Yasmin mengurungkan niat menghubungi mama. Nampaknya ada seseorang yang sedang dalam keadaan bad mood di mobil itu. Bukan dirinya, yang pasti.

"Kak Jati kenapa sih, ngomongnya jadi ketus gitu? Aku nggak masalah kalau nggak diijinin pergi, tapi nanyanya nggak nge-gas gitu, bisa?"

Yasmin mengelus dada. Kenapa malah sekarang dia jadi ikut-ikutan meninggikan nada suara sih?

"Maaf. Tiba-tiba aja gitu, tanpa disadari."

Yasmin bergeming. Kedua tangannya bersedekap. "Padahal baru juga baikan, malah balik jadi gini lagi. Tolong ya, Kak. Jangan ngomong ketus lagi. Aku nggak suka."

"Maaf, Yas. Maaf banget."

Yasmin melirik Jati sekilas dan menggumam. "Iya, dimaafin."

Masih menunggu balasan, Yasmin mengurai sedekap tangannya, menggeser tubuhnya sedikit hingga setengah menghadap Jati.

"Kenapa bisa gitu, Kak?"

"Apanya?"

"Waktu aku nanya tadi."

Helaan napas Jati terdengar berat.

"Jawabnya jangan marah lho ya?" Yasmin mengingatkan.

"Biasanya laki-laki bersikap begitu setiap dengar nama laki-laki lain disebut, kamu nyebutnya apa?"

"Cemburu. Jealous?"

Jantung Yasmin mulai berdebar-debar.

What if the answer is...Y...

"Yes. I'm jealous."

Y...es.

"I'm jealous over him, Yas. Setelah ngeliat sendiri sikap dia ke kamu yang seperti masih menaruh harapan. Dan kamu bilang mau jenguk dia sendiri. Actually, nggak sendiri karena ditemani supir. But i won't be there. Bukan berarti kamu datang buat ngasih dia harapan, tapi dia bakal mikir kamu masih ngasih perhatian ke dia. Saya nggak bisa ngelarang kamu pergi karena dia sahabat kamu. Tapi dalam hati kecil, saya nggak mau kamu ketemu sama dia, kalau saya nggak ada di sana."

Gosh.

Yasmin seharusnya tersenyum-senyum bahagia sekarang setelah mendengar pengakuan Jati. Tapi yang dirasakannya kini malah perasaan berdebar-debar. Jantungnya semakin bertalu-talu, irama napasnya jadi tidak beraturan.

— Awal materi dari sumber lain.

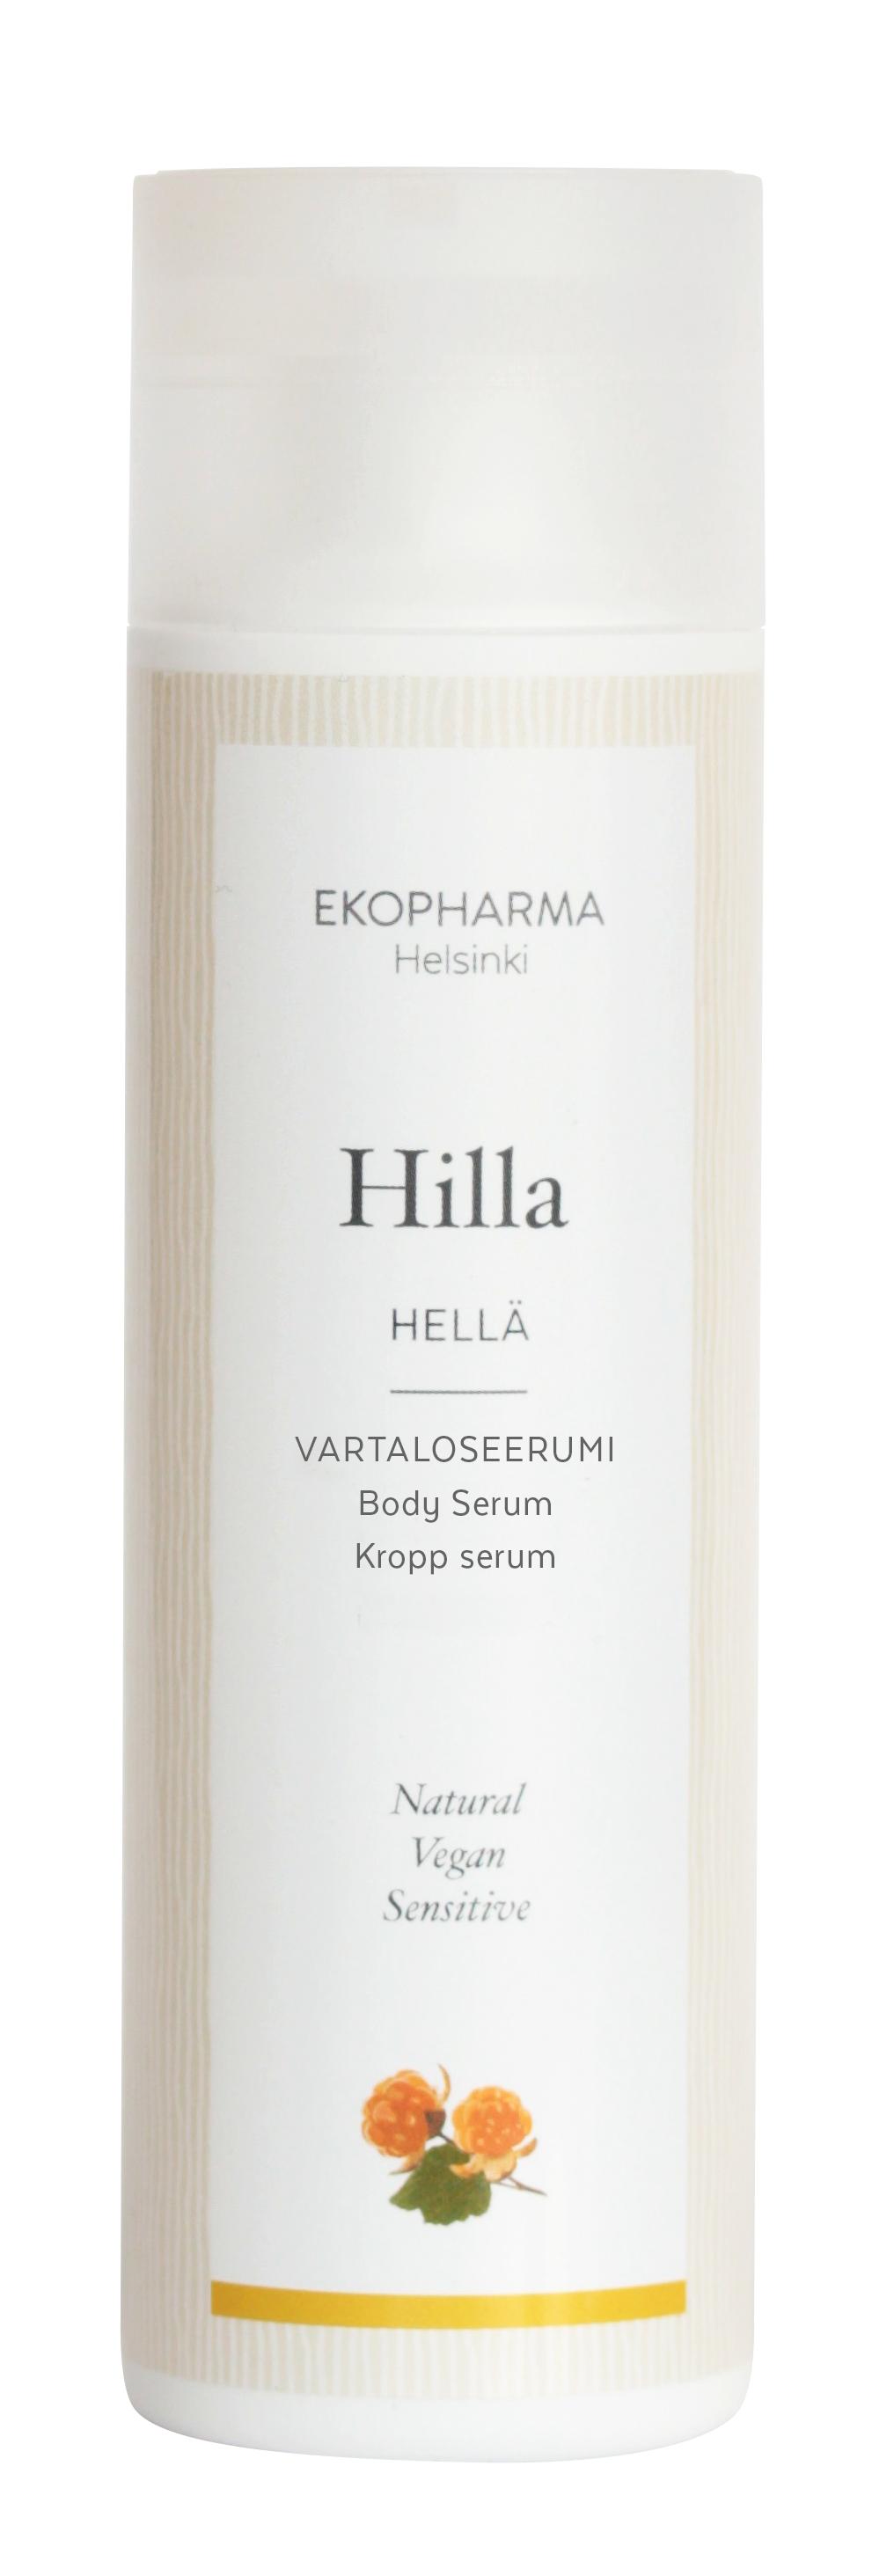 Hilla Hellä Vartaloseerumi 200ml

Jadi seperti ini rasanya jika Jati cemburu kepadanya karena laki-laki lain? He just lost his chill.

Satu sisi, Yasmin senang karena cemburu berarti Jati memang mencintainya. Namun di sisi lain, dia mencemaskan jika Jati berubah menakutkan jika kadar kecemburuannya sampai berlebihan. Apalagi kepada Bian, sahabatnya sendiri. Dia tidak pernah mau, sahabat dan suaminya sendiri malah jadi seperti dua orang yang saling bermusuhan. Yasmin tidak tahu akan seperti apa reaksi Bian jika melihatnya datang bersama Jati. Dia berharap mereka bisa saling menghargai satu sama lain, karena untuk jadi teman sepertinya akan cukup sulit.

Tapi bukan berarti tidak mungkin. Siapa yang tahu?

"Sorry if it sounds like i'm a overprotective man. Mungkin saya hanya butuh adaptasi lebih lama dengan sahabat kamu itu untuk bisa lebih mengontrol kecemburuan saya."

"I understand, Kak. Jealousy is a normal thing. Aku juga mungkin bakal cemburu kalau Kak Jati nyebut-nyebut nama perempuan lain, apalagi mantan."

Keadaan sekarang jadi berbeda dibandingkan sewaktu Yasmin bercerita tentang mantan-mantannya. Waktu itu, Jati cukup tenang mendengarkan penuturan Yasmin. Sekarang, malah terkesan defensif. Jangankan menceritakan riwayat persahabatan hingga Bian menyatakan cinta, mendengarkan nama Bian saja, Jati tidak suka. Mulai sekarang, dia harus lebih berhati-hati setiap mengobrol mengenai sahabatnya itu.

"Jadi, gimana besok? Saya saja yang nganter?" kata Jati ketika Yasmin belum berkata apa-apa lagi.

Kini suara Jati sudah terdengar lebih normal dan adem.

"Boleh banget. Jadi, mau bolos kerja lagi?" Yasmin sengaja bercanda untuk mencairkan suasana.

Jati menanggapi dengan tersenyum lebar. "Saya bukan karyawan yang bakal dimarahi bos kalau nggak masuk kerja. Yang penting komunikasi dengan rekanan lancar."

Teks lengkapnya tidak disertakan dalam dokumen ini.